- INSTRUCTIONS TO FOLLOW:
Copy out the whole listing exactly as given. Skip the pictures.

- SOURCE DATA:
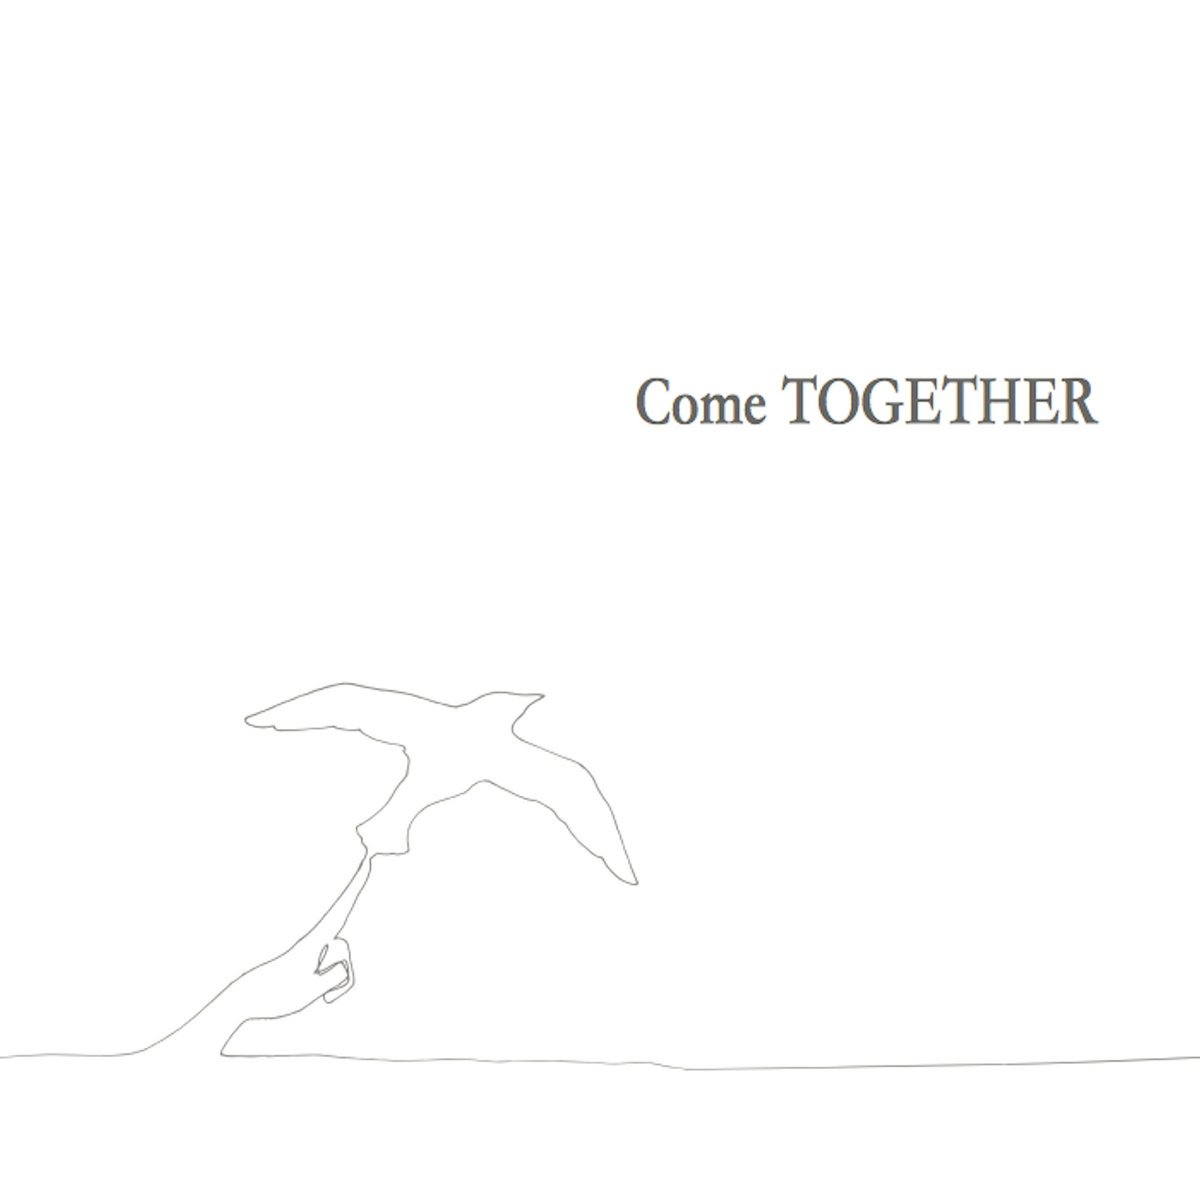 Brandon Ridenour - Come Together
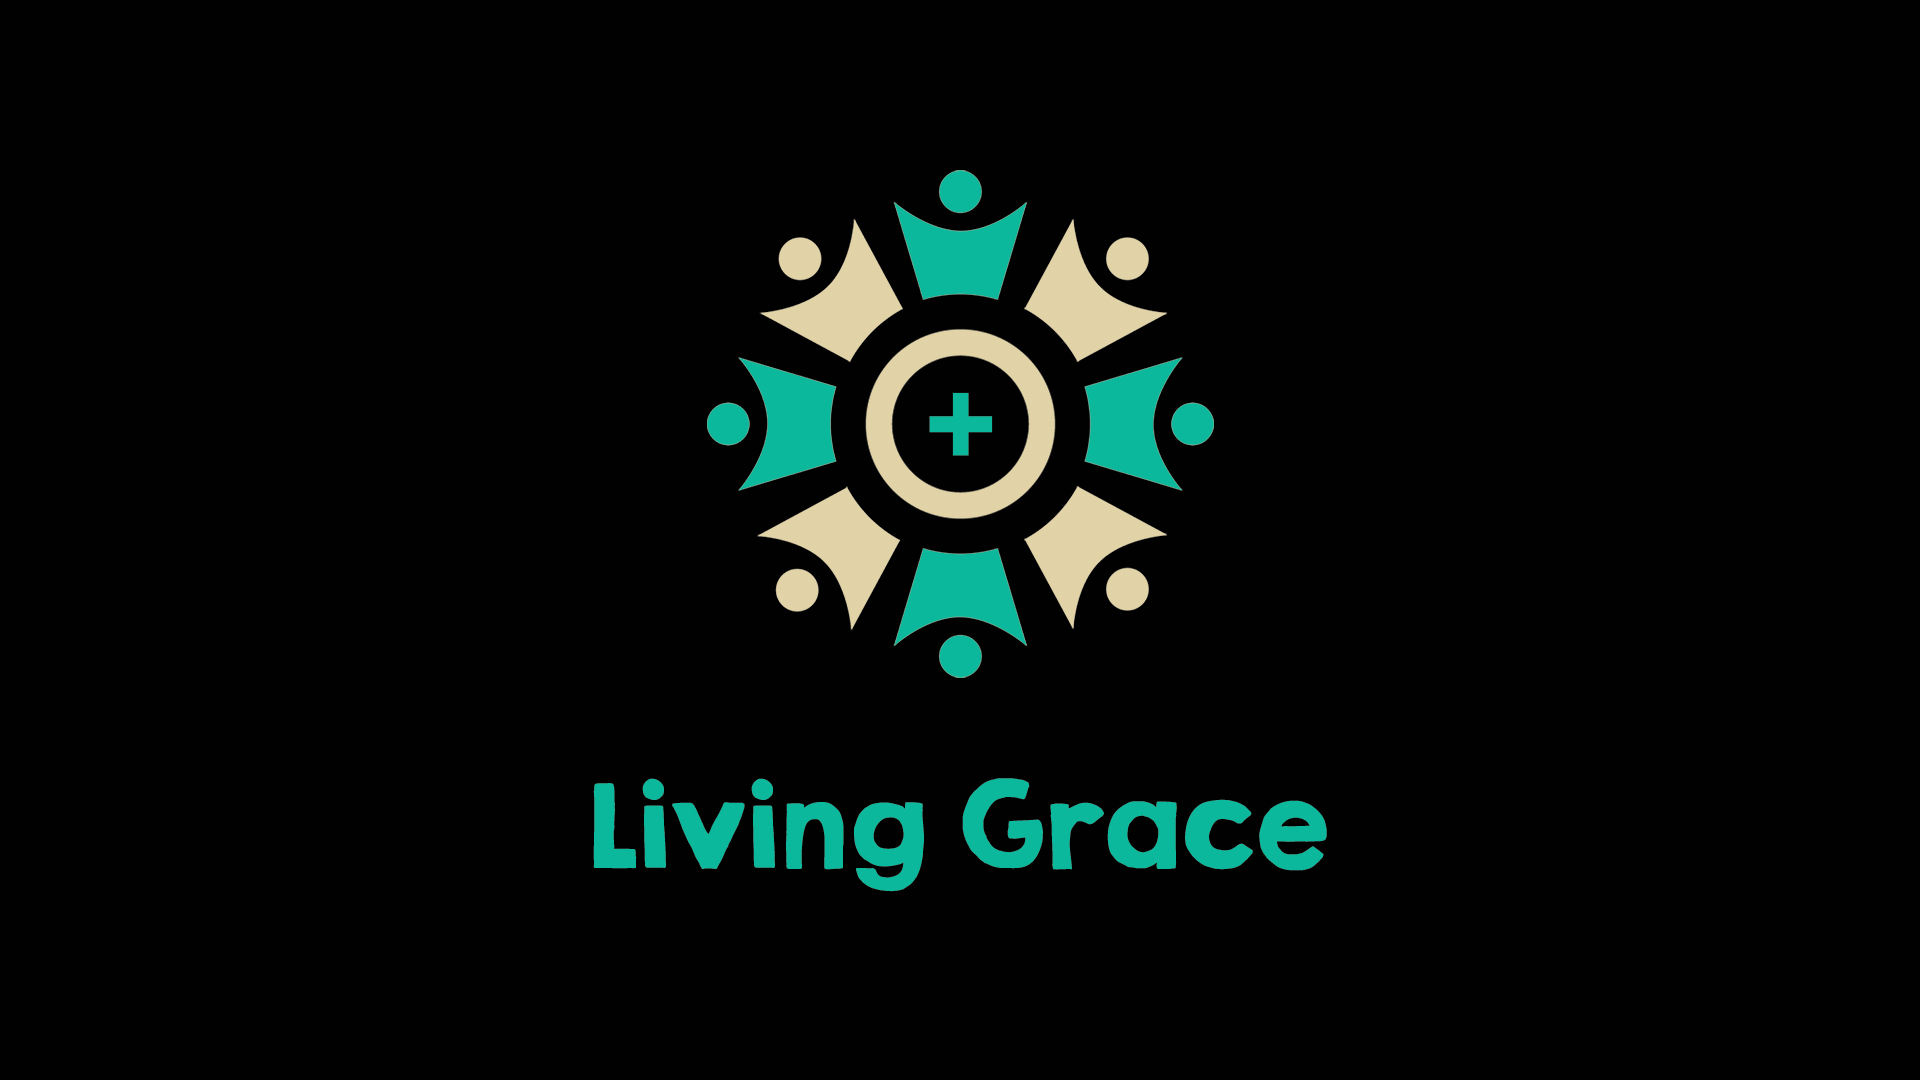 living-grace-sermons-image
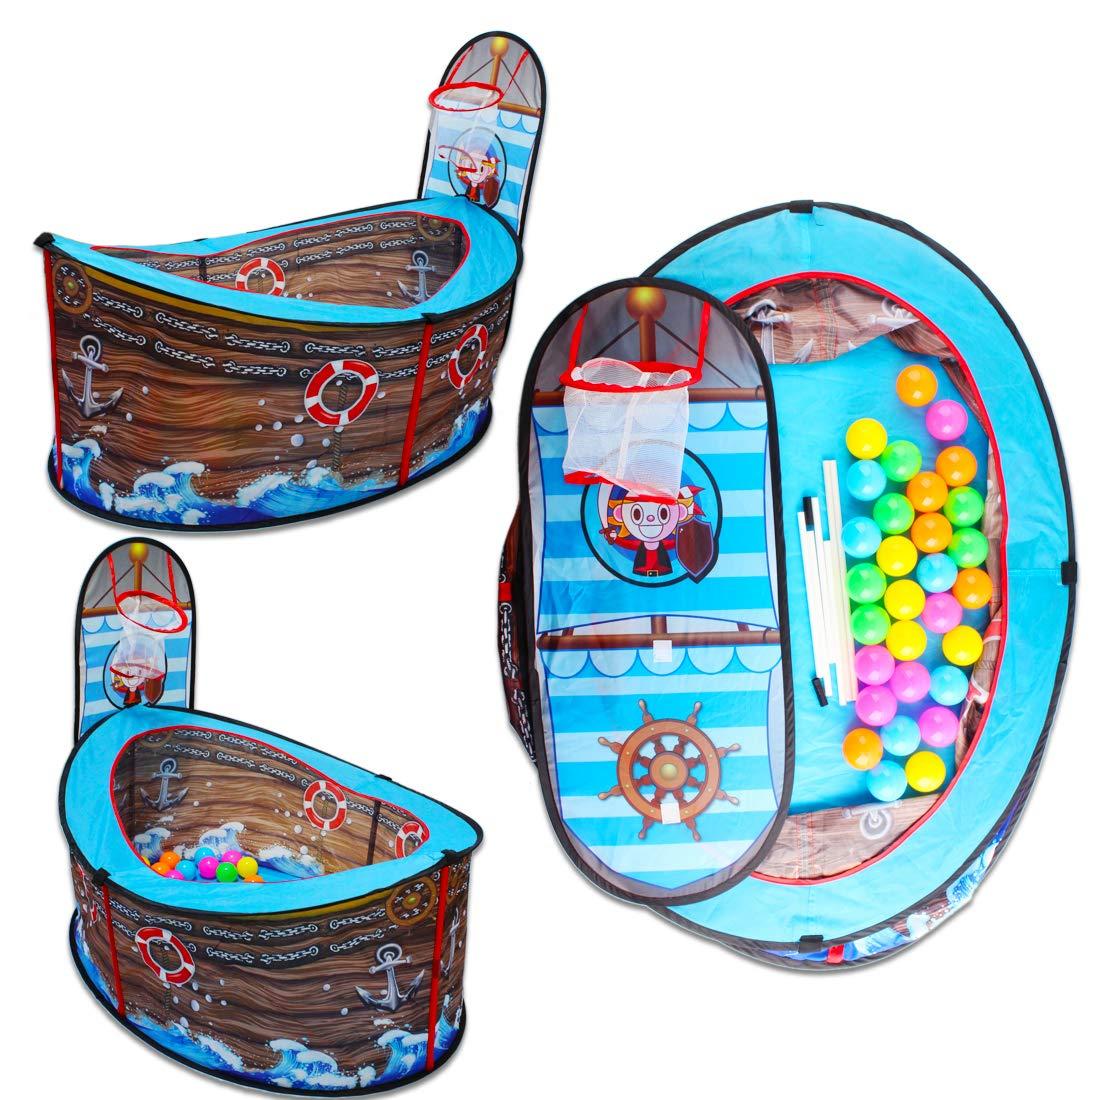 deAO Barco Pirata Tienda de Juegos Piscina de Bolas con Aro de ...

- RESULT OF THE EXERCISE:
 Brandon Ridenour - Come Together
 living-grace-sermons-image
 deAO Barco Pirata Tienda de Juegos Piscina de Bolas con Aro de ...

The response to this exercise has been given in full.